The views expressed in our content reflect individual perspectives and do not represent the authoritative views of the Baha'i Faith.

Recently we experienced one of the most profound experiences of aging, which few people talk about: visiting a friend teetering at life’s threshold, staring into the mysteries beyond.

Some might view this as a depressing reality, but in many ways, a moment of compassionate connection with a friend at death’s door also invites us to contemplate the spiritual intersection we will soon face in our own lives.

RELATED: The Hidden Nature of Life After Death

We had this kind of meaningful encounter when we went to visit a dear friend in hospice care.
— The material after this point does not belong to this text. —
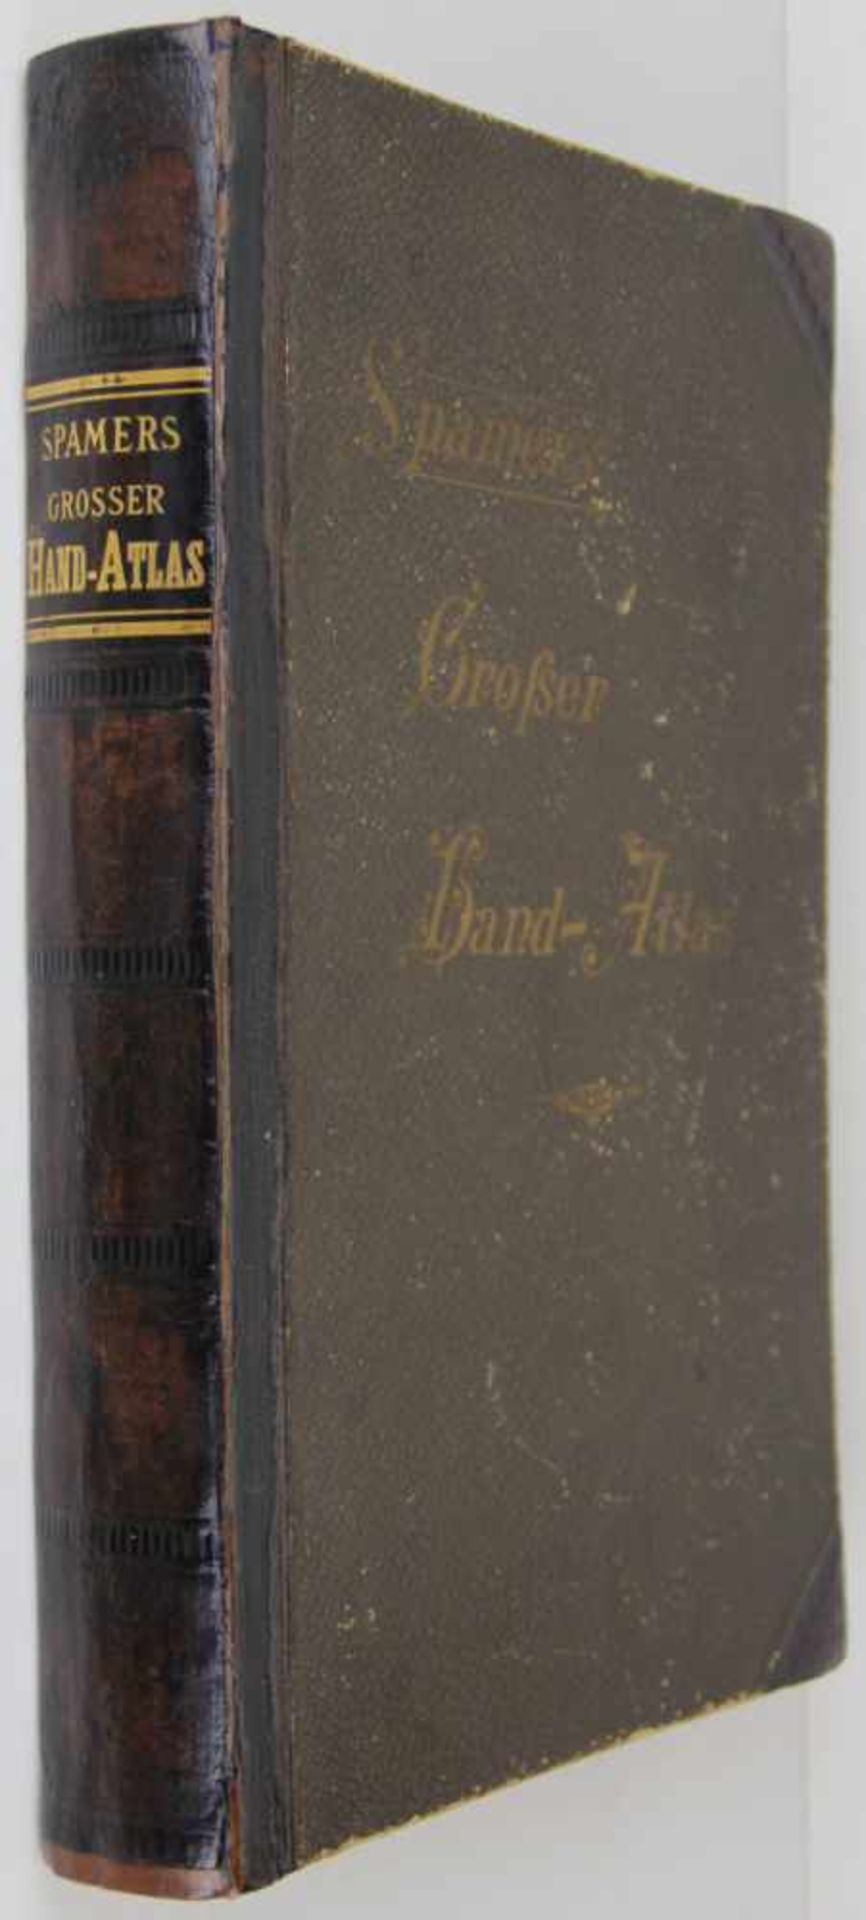 Atlanten. -Spamer, Otto:Grosser Hand-Atlas in 150 Kartenseiten nebst alphabetischem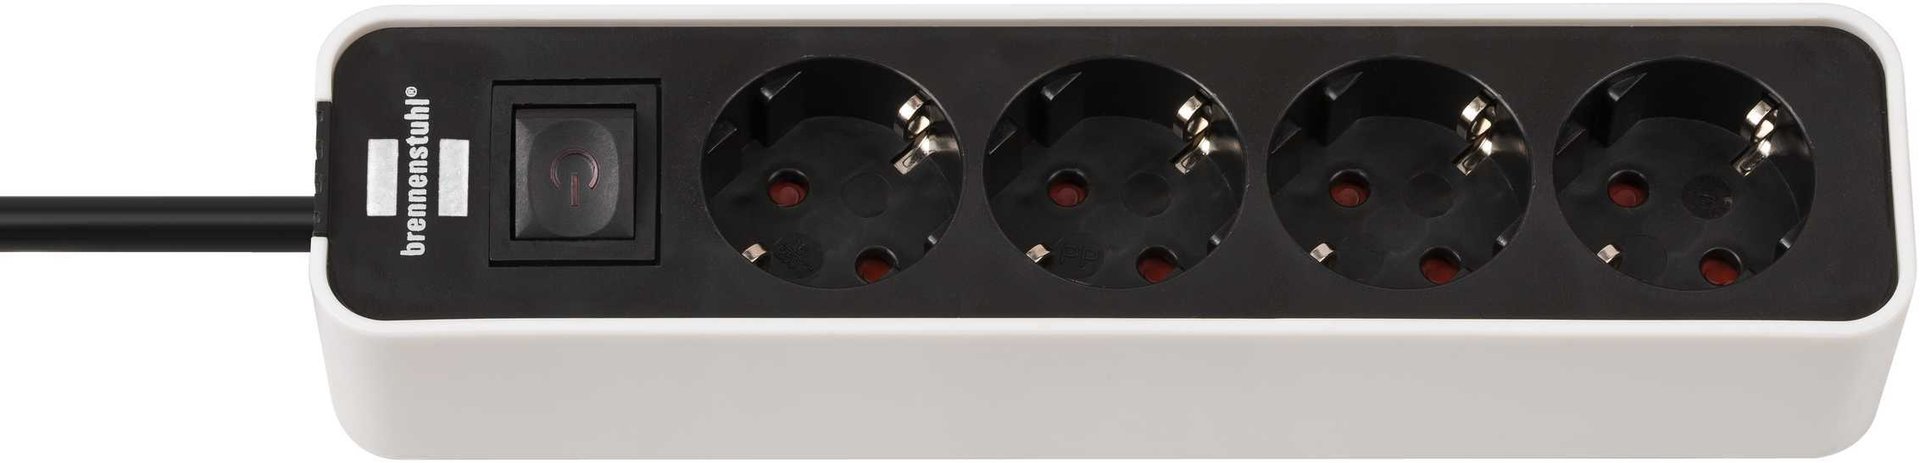 Brennenstuhl Ecolor Steckdosenleiste 4-fach (Steckerleiste mit Schalter und 1,5m Kabel) schwarz/weiß

Her days on this Earth are numbered — like all of ours are — but in her case, that number has winnowed down to only a few, and she’s approaching the great divide.

The writings of Baha’u’llah assure us:

Sorrow not if, in these days and on this earthly plane, things contrary to your wishes have been ordained and manifested by God, for days of blissful joy, of heavenly delight, are assuredly in store for you. Worlds, holy and spiritually glorious, will be unveiled to your eyes.

As the Baha’i teachings point out:

These few brief days shall pass away, this present life shall vanish from our sight; the roses of this world shall be fresh and fair no more, the garden of this earth’s triumphs and delights shall droop and fade … and to this the wise will not anchor his heart.

Abdu’l-Baha, the son and successor of Baha’u’llah, the prophet and founder of the Baha’i Faith, advised us not to anchor our hearts to this world, which will soon pass from our grasp. He gave us a glimpse of the purposeful spiritual reality awaiting all of us after we depart from this temporary physicality, in a 1912 speech at Northwestern University in Evanston, Illinois:

Through his ignorance, man fears death; but the death he shrinks from is imaginary and absolutely unreal; it is only human imagination. …

The conception of annihilation is a factor in human degradation, a cause of human debasement and lowliness, a source of human fear and abjection. It has been conducive to the dispersion and weakening of human thought whereas the realization of existence and continuity has upraised man to sublimity of ideals, established the foundations of human progress and stimulated the development of heavenly virtues; therefore, it behooves man to abandon thoughts of non-existence and death, which are absolutely imaginary, and see himself ever living, everlasting in the divine purpose of his creation.

Yesterday we had a chance to hope for our friend’s freedom as she faced that threshold of sublimity, ready to carry with her only the spiritual virtues she had honed and pruned in her lifetime.

First, you should know something about our friend. Delia has a fiery, animated, laughing spirit. She’s always been spunky, full of energy and ideas, out-swimming her grandchildren almost until the age of 80. She frequently defied tradition for the sake of conviction. She dearly loves the Baha’i Faith and has devoted her life to its teachings. A white woman with traces of Indigenous ancestry, for her entire adult life she has especially cared about how human society has treated people of color. She spent much of her life on this plane of existence working to rectify injustices, noticing how people interacted when they truly reached across barriers to see into one another’s souls. She often spoke up for the unheard voice. 

RELATED: What Comes After Life? There is More to Us Than We Can Ever Know

If you met Delia, you’d immediately like her. If you did already meet her, you probably also remember that she was grounded in the practical world, baked a divine homemade chocolate cake, and created incredibly artistic quilts.

In this last stage of her physical life, Delia has lost the ability to speak, so when we visited, she let the intensity of her gaze communicate for her. Now as her body winds down and her soul prepares to undergo that second birth we’re all destined to experience, we can only guess what transpires in the coalescence of mind and soul that lives behind the windows of those deep-set eyes. 

After a stroke, Delia has spent her last few years in a large nursing home, where she can get the care she needs. In room after room lining its long hallways, she’s surrounded by her elderly peers, people also in their final days or months of this physical reality. 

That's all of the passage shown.